Segment Open
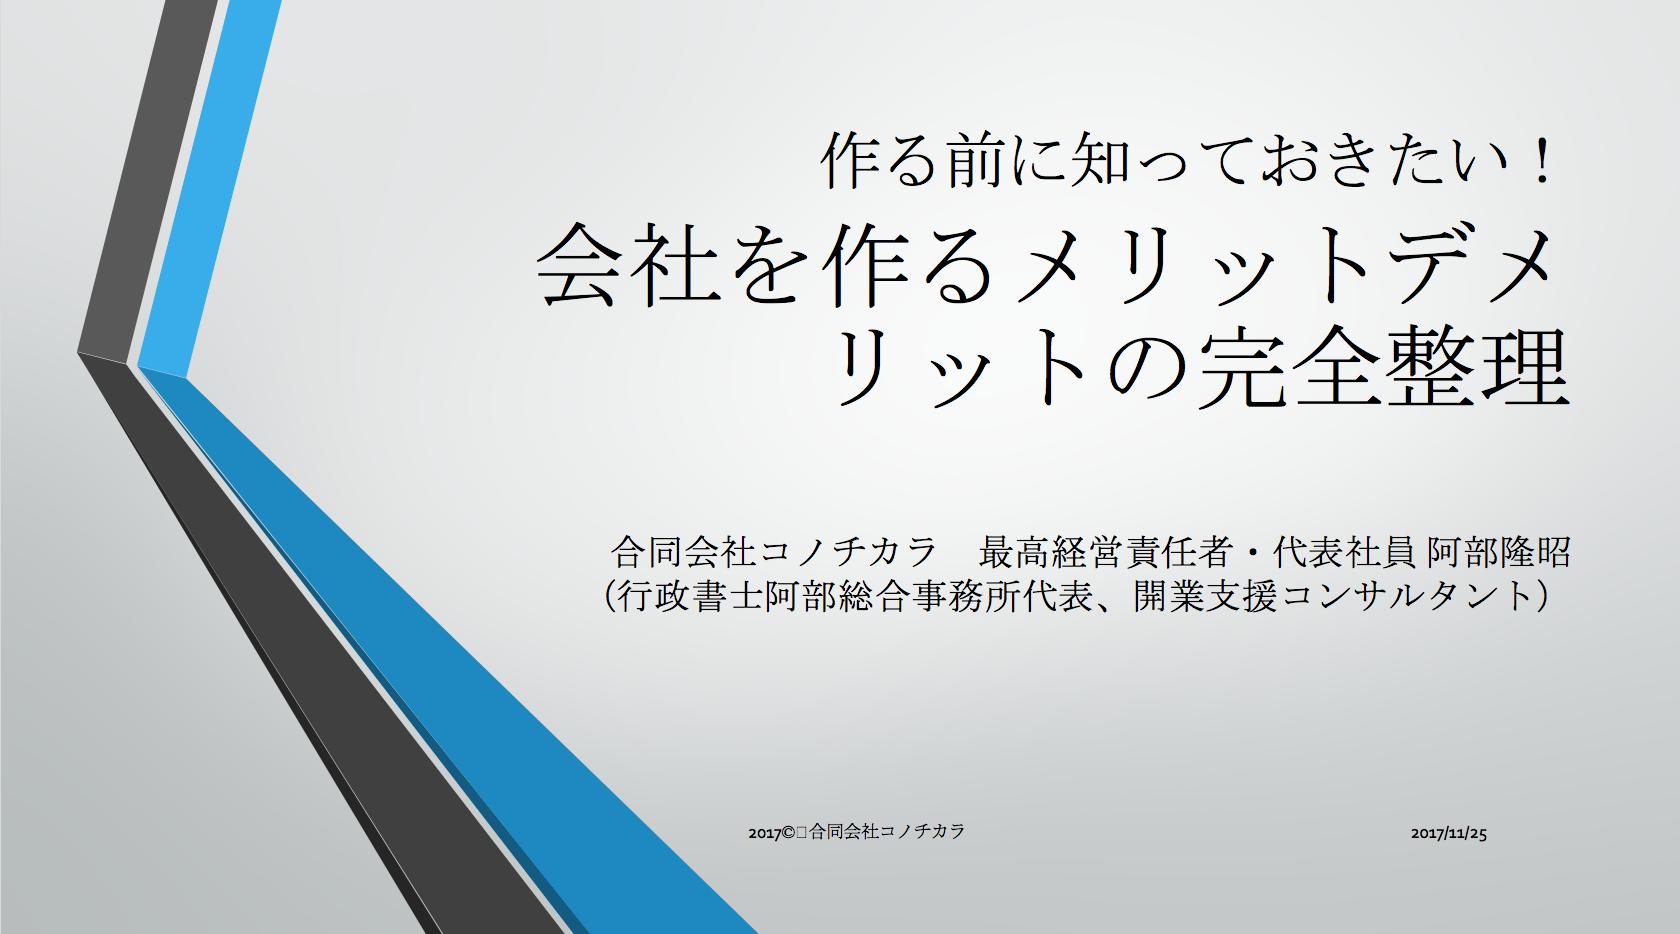 「作る前に知っておきたい!会社を作るメリットデメリットの完全整理」セミナー開催|行政書士阿部総合事務所
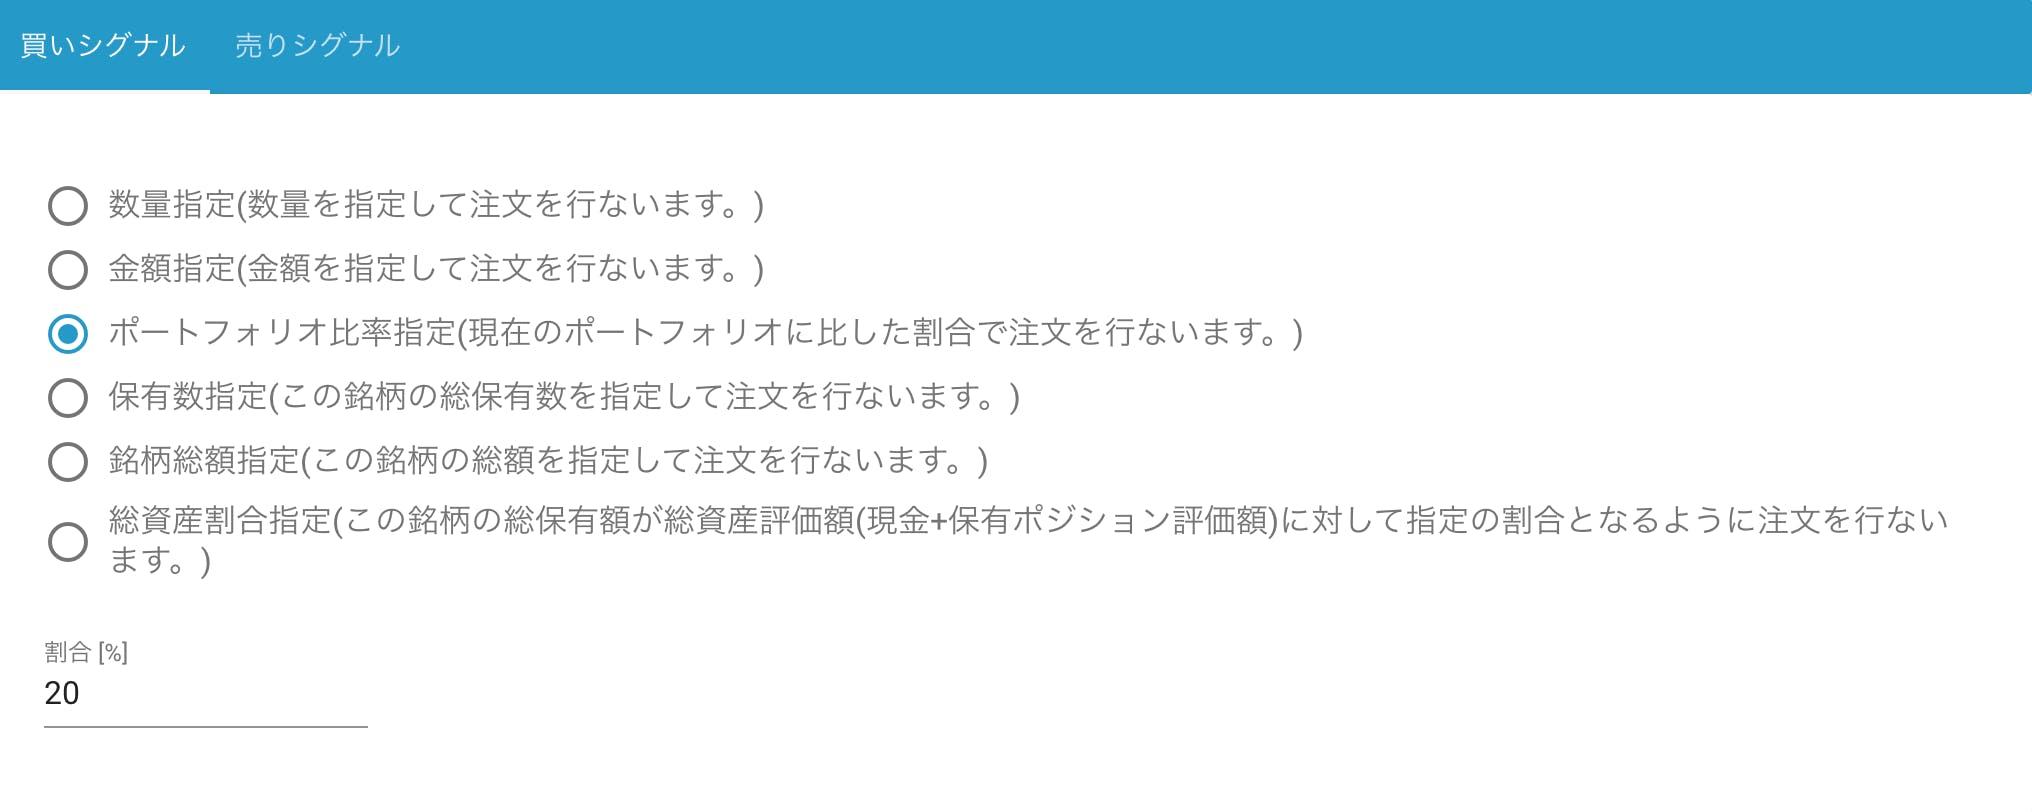 スクリーンショット 2019-09-18 21.14.37.png
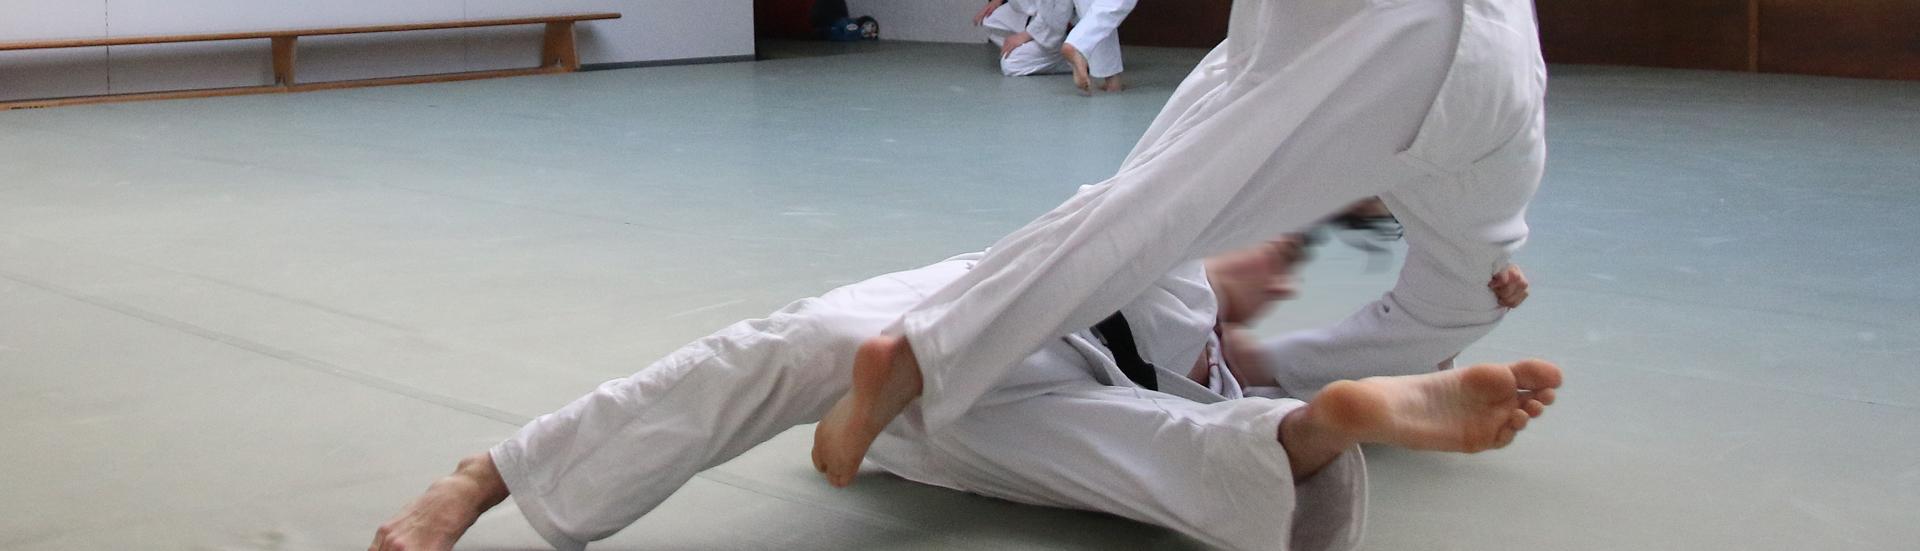 Banner_Judo_1920px_Breite
Segment Closed
__The problem__.
Retype the lines above exactly, no pictures.

__Exercise output__.
 「作る前に知っておきたい!会社を作るメリットデメリットの完全整理」セミナー開催|行政書士阿部総合事務所
 スクリーンショット 2019-09-18 21.14.37.png
 Banner_Judo_1920px_Breite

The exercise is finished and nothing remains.